Add to that a dangerously fragile file system, a hopelessly paraplegic 'trash' facility, the overwriting of entire directory trees with single document files, AppleDouble, Windows friendly attachments, creator codes, file types, 'Carbon', 'Classic', 'PEF' executables, AppleBloodyScript (check how they take straightforward open source projects and wrap them in AppleScript so the retards on the platform can better cope) and so forth.
PkgInfo, keyedobjects, ruinous NIBs and chaotic Interface Builder, frazzled Quartz drivers - and of course the incomparable '\342\220\200\342\220\200\342\220\200\342\220\200HFS+ Private Data'.
This rabbit hole goes through to the mountains of Tibet.

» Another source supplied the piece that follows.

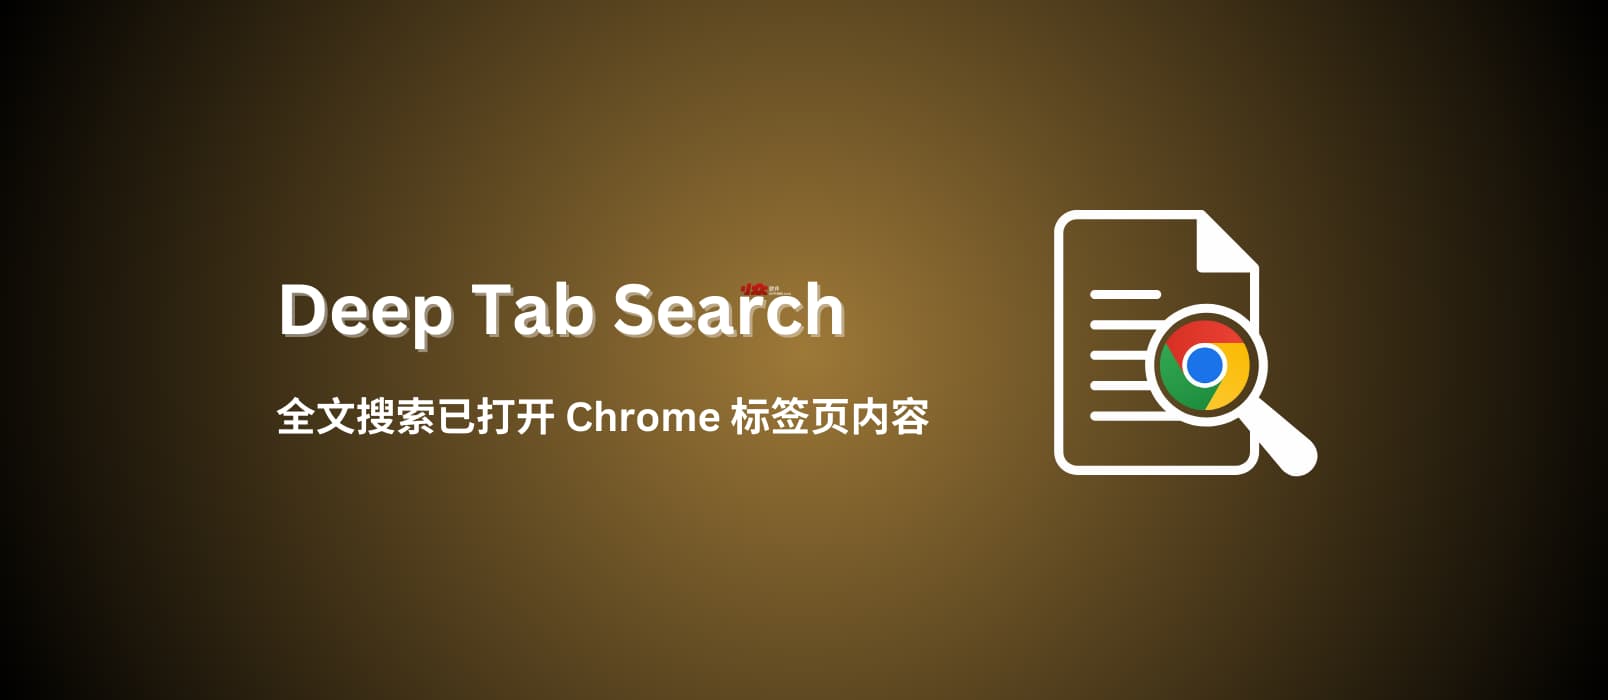 Deep Tab Search -  全文搜索已打开 Chrome 标签页内容，支持中文

- Keeping FOSS up to date. It's too late to hope they're going to play by the rules - their ridiculous 'macosforge' site is an insult - but at least they can keep other people's better code up to date? The module they fixed to guard themselves against Charlie Miller's iPhone exploit is again FOUR VERSIONS OUT OF DATE. Will this next 'OS' ship with up to date FOSS components across the board?
The Leopard you don't yet see might turn out to be the Leopard you don't want to see.